David Miller, institutional trader was found guilty in the Apple Trading fraud. On October 25, 2012, the day Apple was scheduled to announce its earnings for the quarter, co-conspirator of David Miller wrote the order in such a way that Miller could later claim he misinterpreted it. Miller would then execute a trade for 1,000 times the number of shares written in the order. If the trade proved profitable, Miller and his co-conspirator would share in the profits. If the trade proved unprofitable, Miller would claim human error, leaving Rochdale holding the losing position.
A former Rochdale Securities trader, the 40-year-old David Miller entered a guilty plea in a Hartford, Connecticut court . In addition to the criminal proceedings, Miller also faces a related civil fraud lawsuit, filed against him by the Securities and Exchange Commission.
On October 25, Miller bought 1.625 million Apple shares ahead of the company’s earnings report, hoping to profit if the stock price went up. Asked by his superiors about the purchase, Miller said that the trade was for a customer that had ordered only 1,625 shares.

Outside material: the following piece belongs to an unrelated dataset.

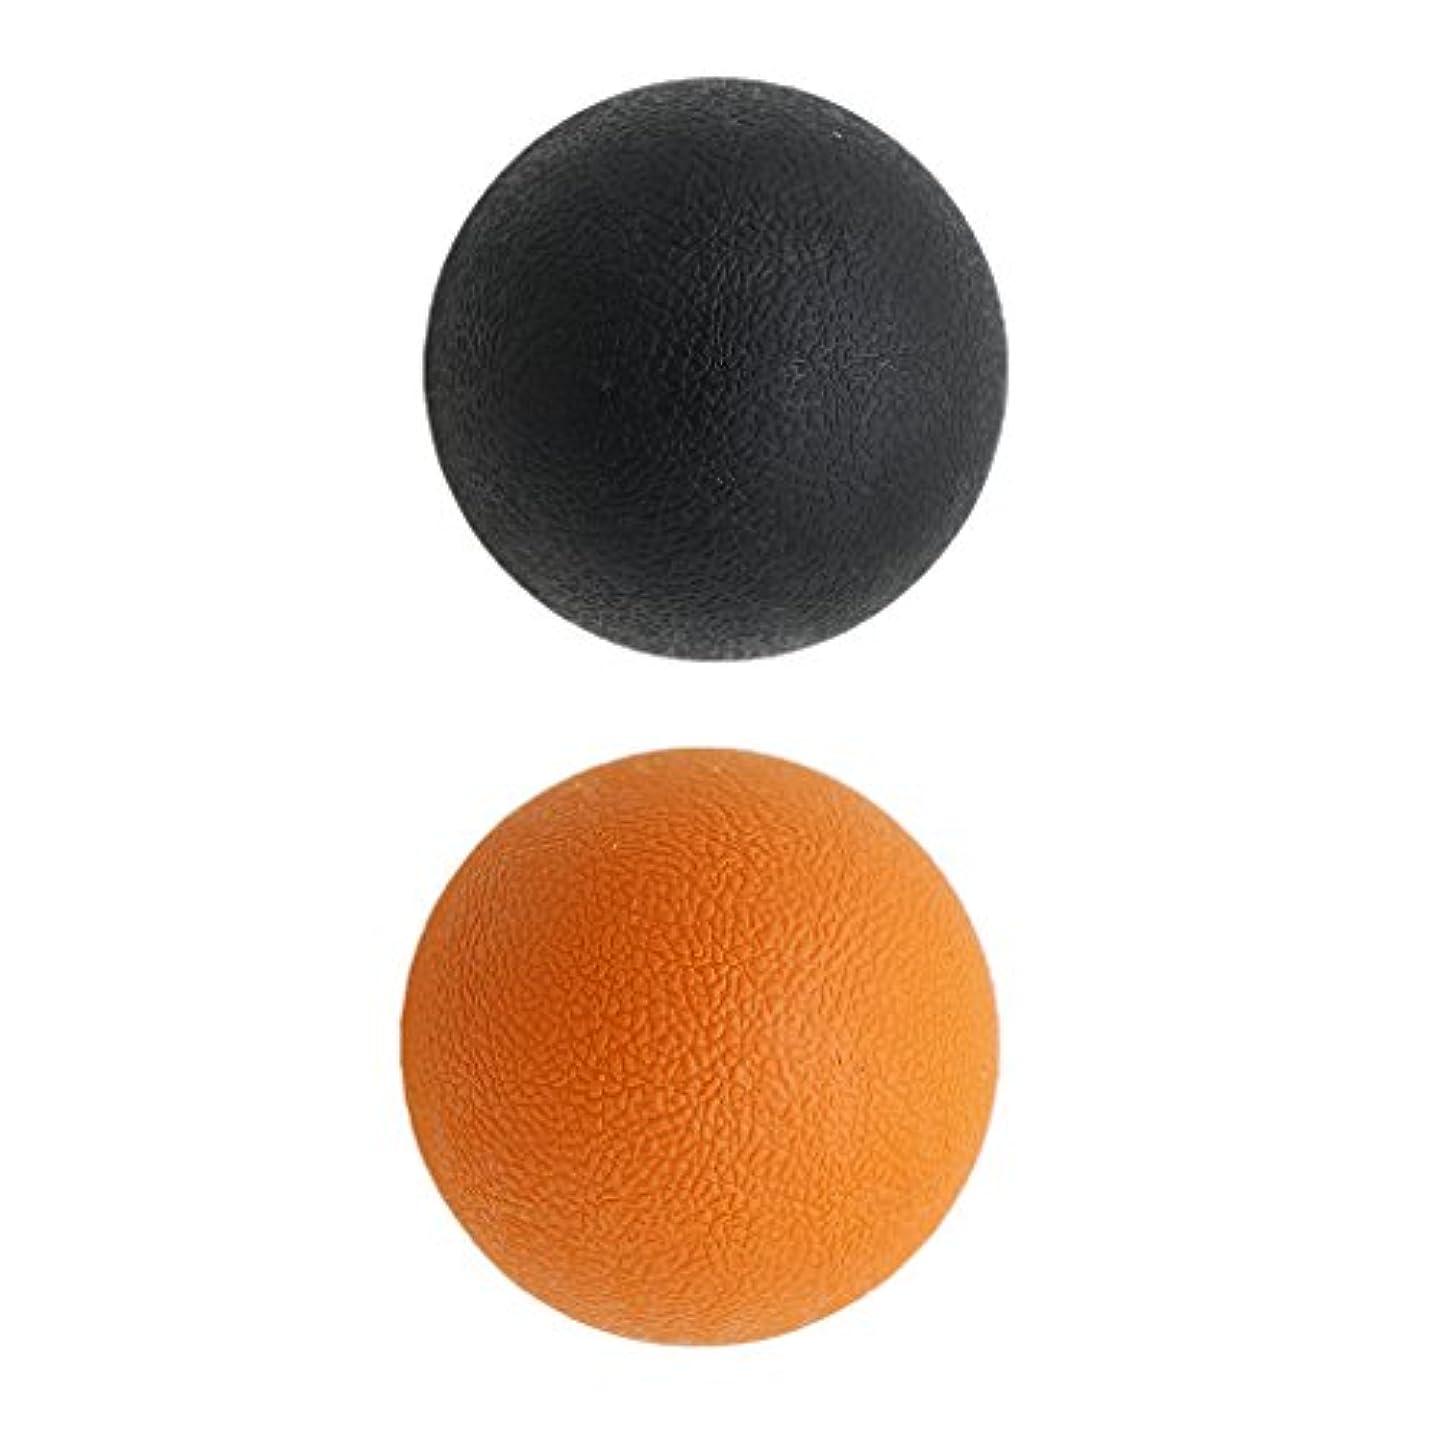 消費するである用量Kesoto 2個 マッサージボール ラクロスボール 背部 トリガ ポイント マッサージ 多色選べる - オレンジブラック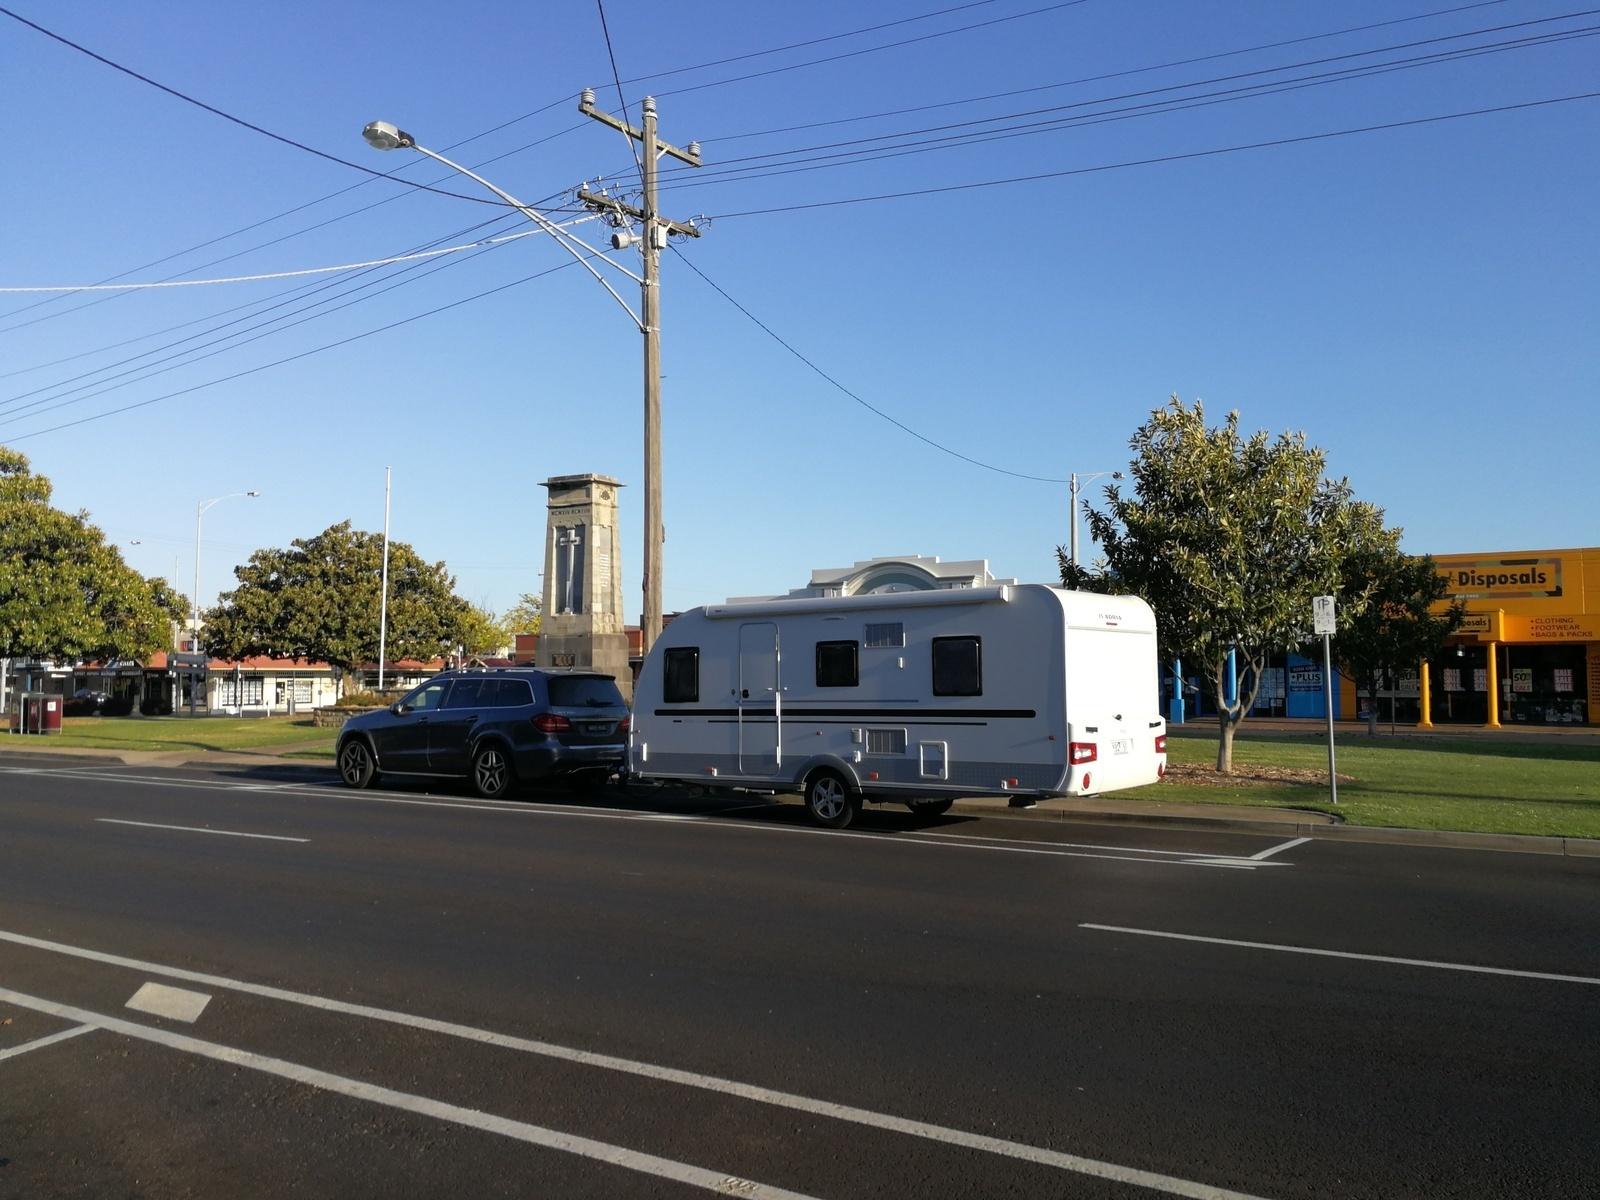 Adria famlily caravan - Cover Image

Apple’s share prices dropped that day, though — despite the company’s profits being up 25 percent — and Miller and Rochdale were left down $5.3 million. Due to the unsuccessful bet, the suddenly undercapitalized firm ceased operations shortly thereafter, with its staff leaving or being let go in November 2012. In February, the firm asked that the state of Connecticut, the SEC, and other regulators withdraw its registrations.
Prosecutors contend that Miller also defrauded another brokerage when he induced it to sell 500,000 Apple shares, some of it reportedly in hopes of hedging against the Rochdale purchase.
The Federal Bureau of Investigation picked up Miller on wire fraud charges in December.